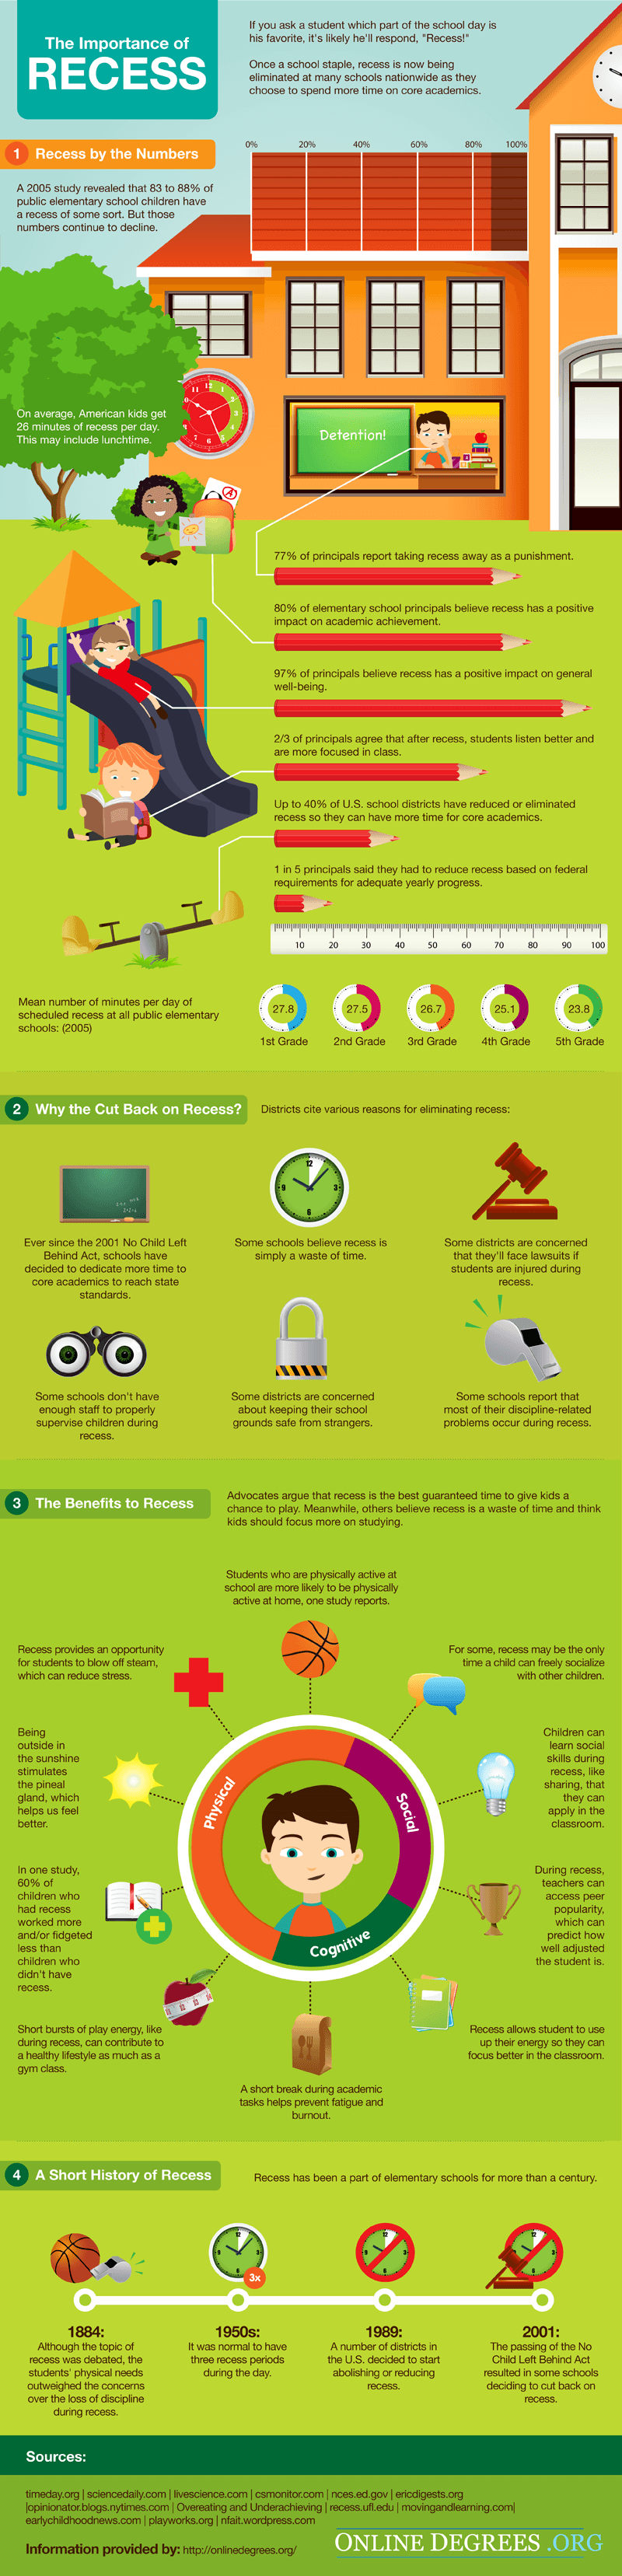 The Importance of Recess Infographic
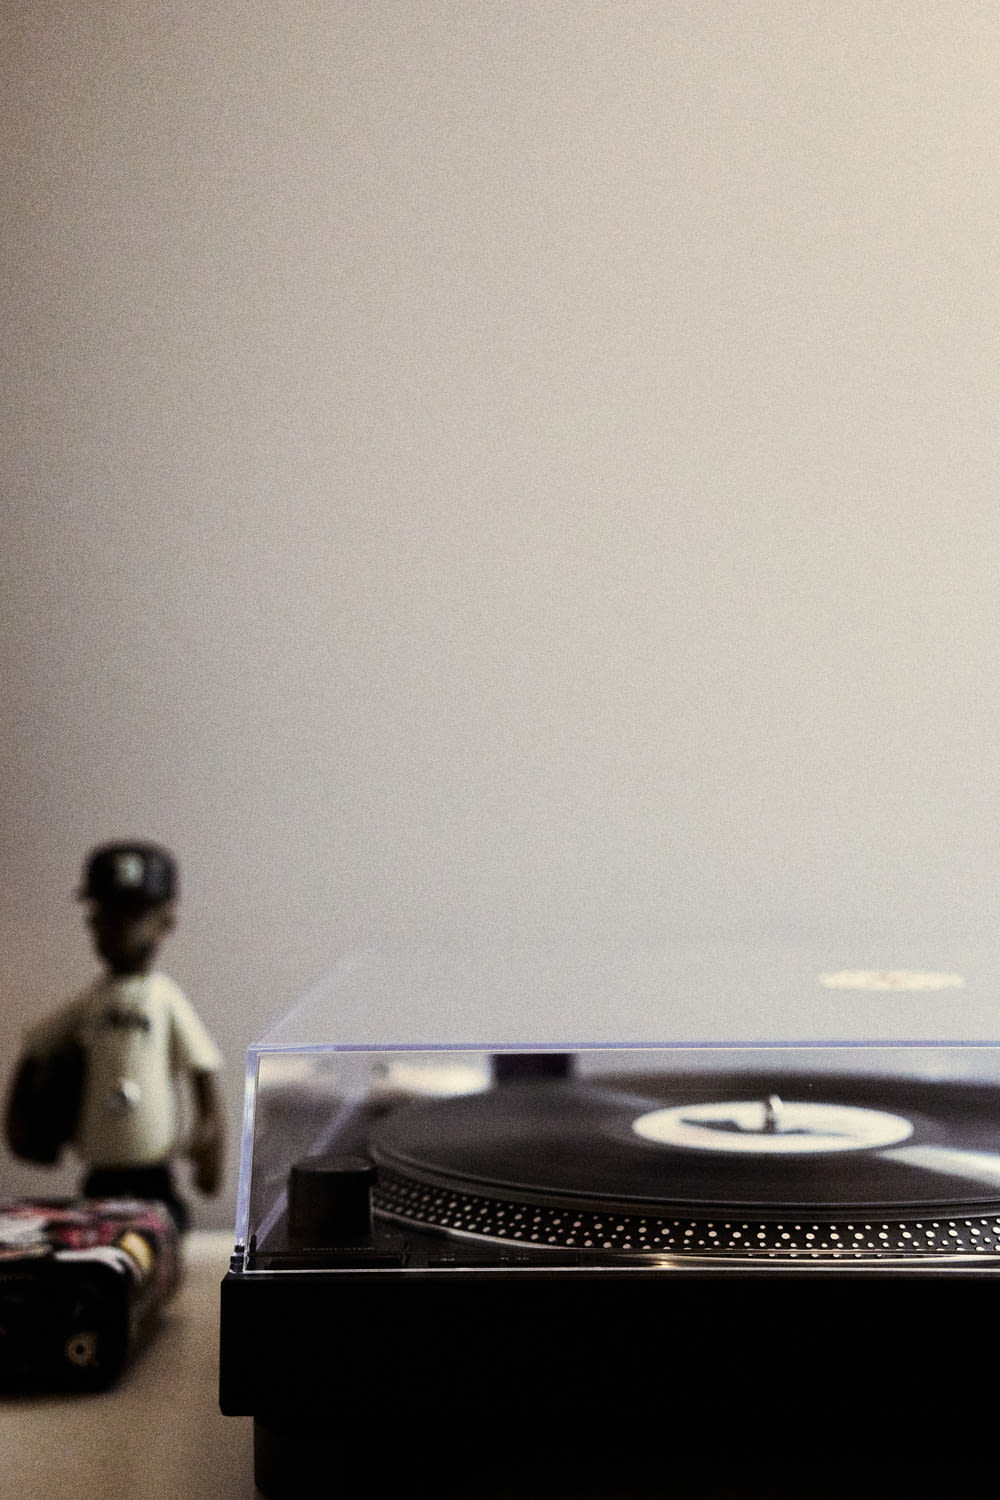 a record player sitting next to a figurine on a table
...
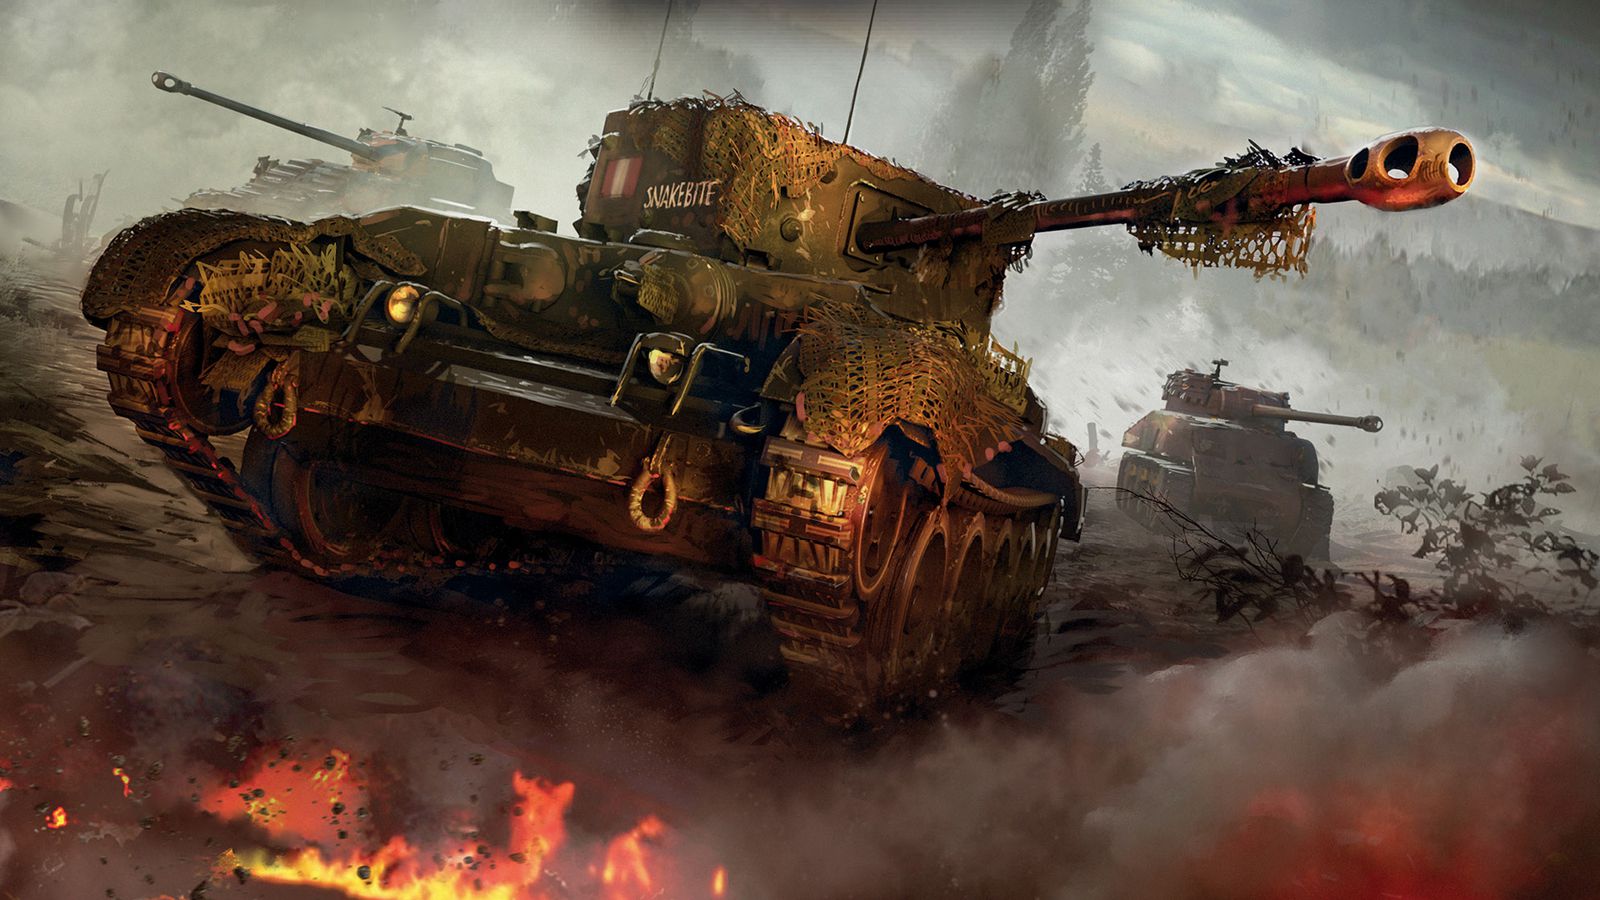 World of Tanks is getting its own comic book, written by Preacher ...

EXERCISE DESCRIPTION: Go back to the listing above and reproduce, exactly, the stretch from the line bearing "The Importance of Recess Infographic" through the line bearing "a record player", without its pictures.

SOLUTION TO THIS EXERCISE:
 The Importance of Recess Infographic
 a record player sitting next to a figurine on a table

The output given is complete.